MOR-05 – The hardest and most cost-effective metal for the ceramics industry (I)

Ceramic extrusion is undoubtedly an extremely abrasive process that requires materials which are strongly wear-resistant, such as special steels, hard metals, aluminium oxides and chrome plating.

Of all of these, the hard metal or tungsten carbide presents the best wear-resistance, though this name is synonymous with a wide range of possibilities with significant differences depending on the formula employed.

But let us return to the beginning.

What is tungsten carbide?

Tungsten carbide is the hardest metal known to man. It is used by the industry in extreme situations where no other metal can resist high temperatures, pressure or intense friction.

Its origin is linked to the French chemist and Nobel Prize winner Henri Moissan who, in his quest to make artificial diamonds, melded tungsten metal particles and sugar, heating the mixture to a very high temperature. The result was an extremely tough dark blue compound: tungsten carbide. However, its excessive fragility made it totally inoperative; this notwithstanding, he registered his discovery and identified the component parts.

As noted, tungsten carbide is a powdered metallurgical material comprised of hard particles (carbide) in a binding matrix – generally Cobalt (Co), though on occasion it may be Nickel (Ni). These hard particles are composed of tungsten carbide (WC) enriched with small percentages of Titanium (Ti), Tantalum (Ta) and Niobium (Nb) carbides. It is commonly known as widia and characterised by its toughness and fragility.

Amongst other uses, it can be found in filaments for incandescent lamps, gigantic bits for the tunnelling machines employed to bore tunnels for trains, tube lines and motorways, and in a wide variety of professional tools used in aeronautics, jewellery, metrology, the automotive industry, the nuclear industry, armour-plating, sport and, naturally, in the production of friction elements in ceramic extrusion.

How is it made?

The production process is very complex: there are several variants which can affect the characteristics of the end product, though one determining factor is the prevention of pores forming. This is accomplished by treating it in ovens called Hot Isostatic Presses.

The first step is to create a vacuum and heat to 600ºC to eliminate the paraffin coating the metal. Now, the temperature must reach a constant 1260ºC so all the Co remains in liquid form (just above the eutectic point). Then, the temperature is raised to 1450ºC, which is the sintering temperature, and a pressure of 40 bar is applied to prevent any pores from forming.

After this process, the alloy needs to be slowly cooled.

Factors which influence its nature

From 1923, the year in which tungsten carbide was sintered with 10% cobalt, to the present day considerable research has been done into the additives, the percentage used, grain size, etc.

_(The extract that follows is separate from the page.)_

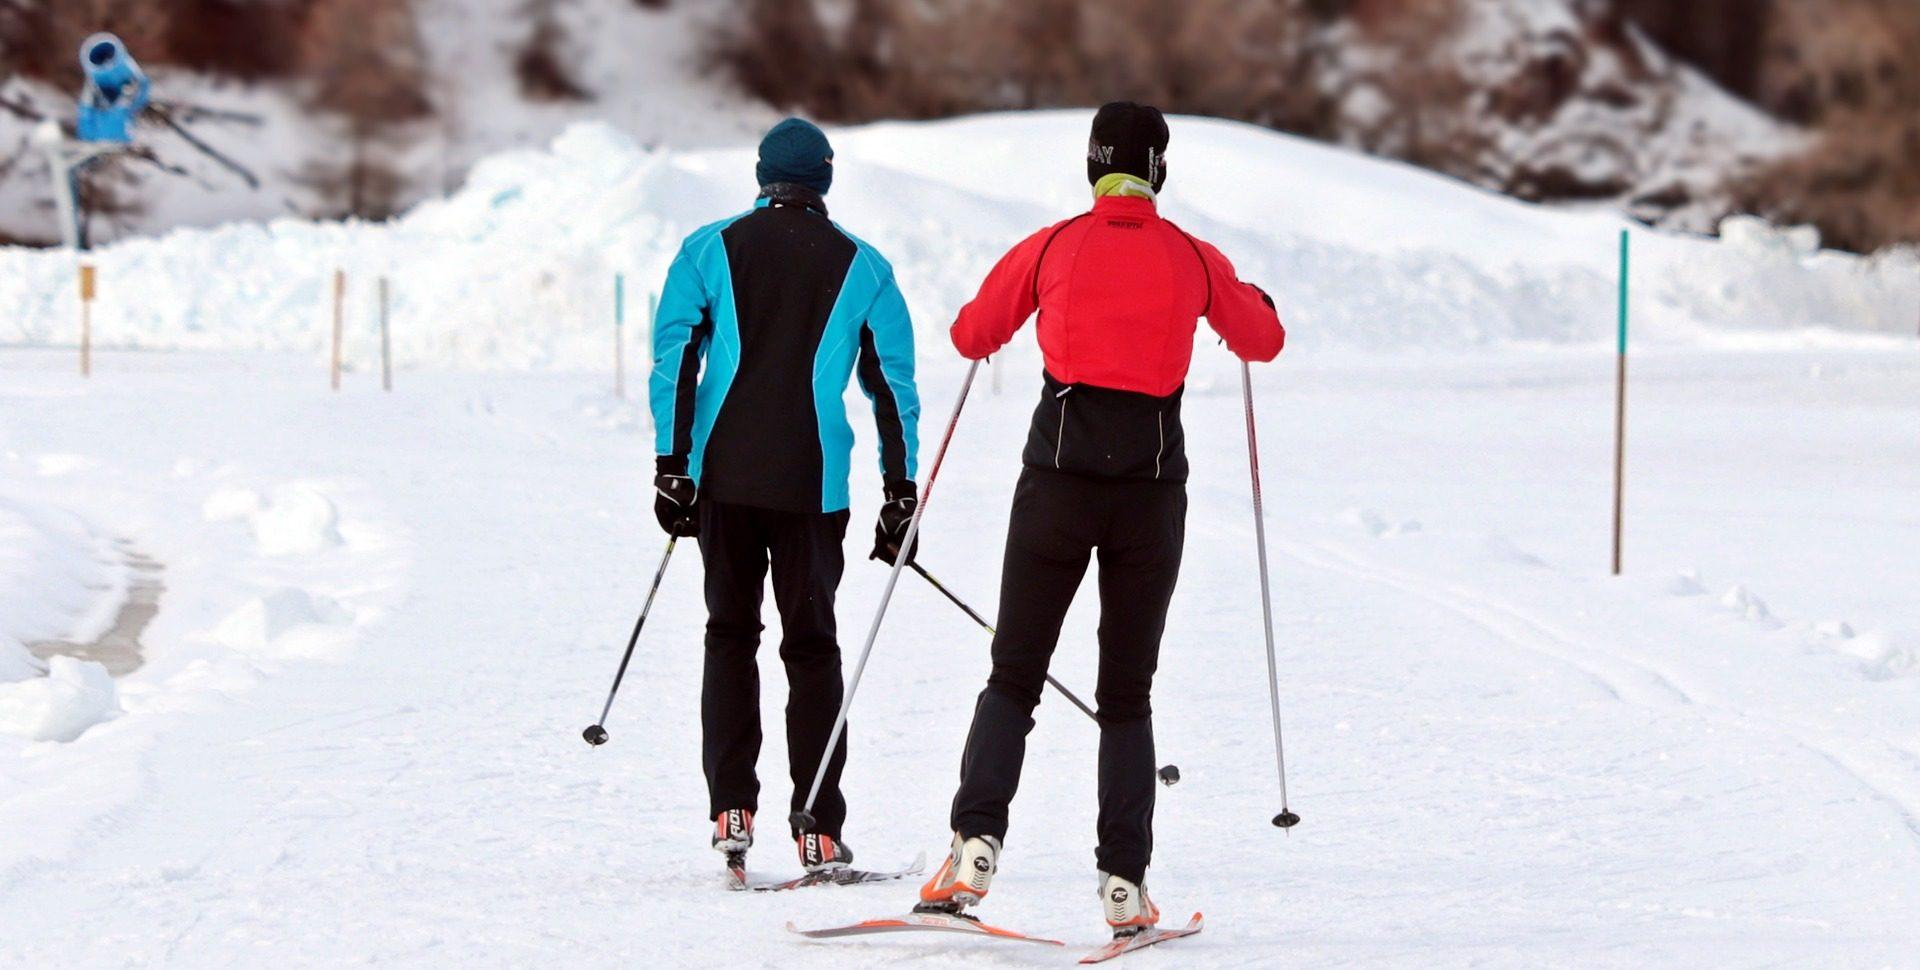 Günstig Winterurlaub in Schöneck ab 39,00€ - Skiurlaub günstig buchen 1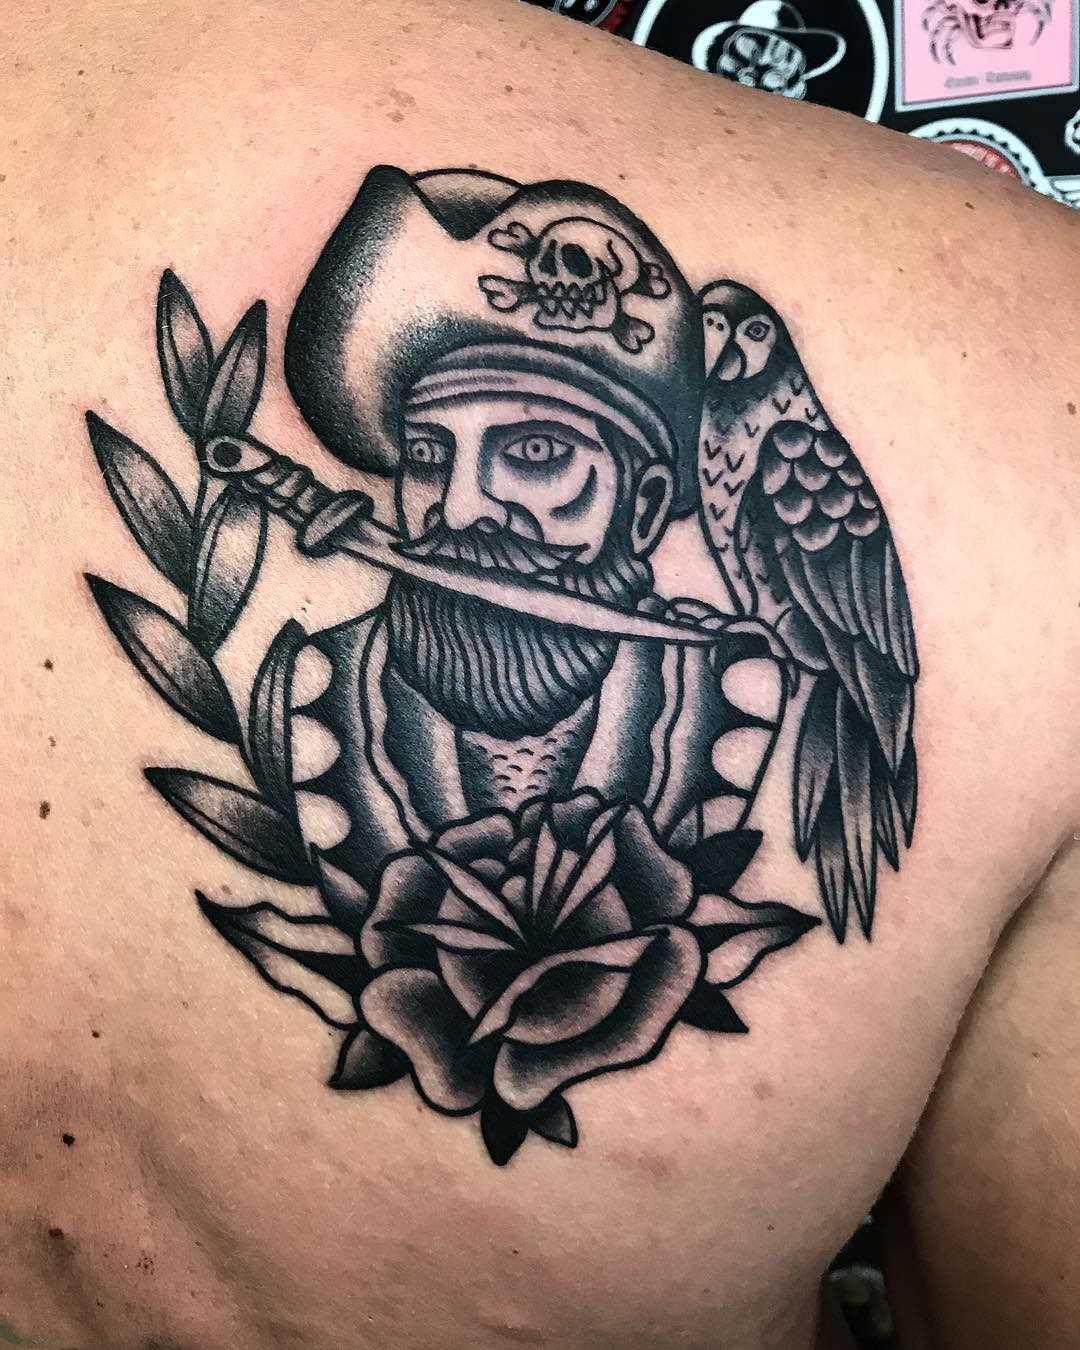 Tatuagem de um pirata com uma rosa na lâmina cara

Among all the factors analysed, two are relevant:

• The size of the tungsten carbide grain prior to sintering. This has a notable effect – depending on the application – such that not all carbides are valid for each specific use. We can find values ranging from 0.6 up to over 5 m As a general rule, a smaller grain size leads to greater toughness and resistance to rupture, while a larger grain size significantly improves resilience.
• The alloying elements, such as cobalt or nickel, necessary for compaction of the material in the sintering process. In the case of cobalt (the most used), a higher percentage improves resilience and rupture resistance but worsens toughness and wear resistance.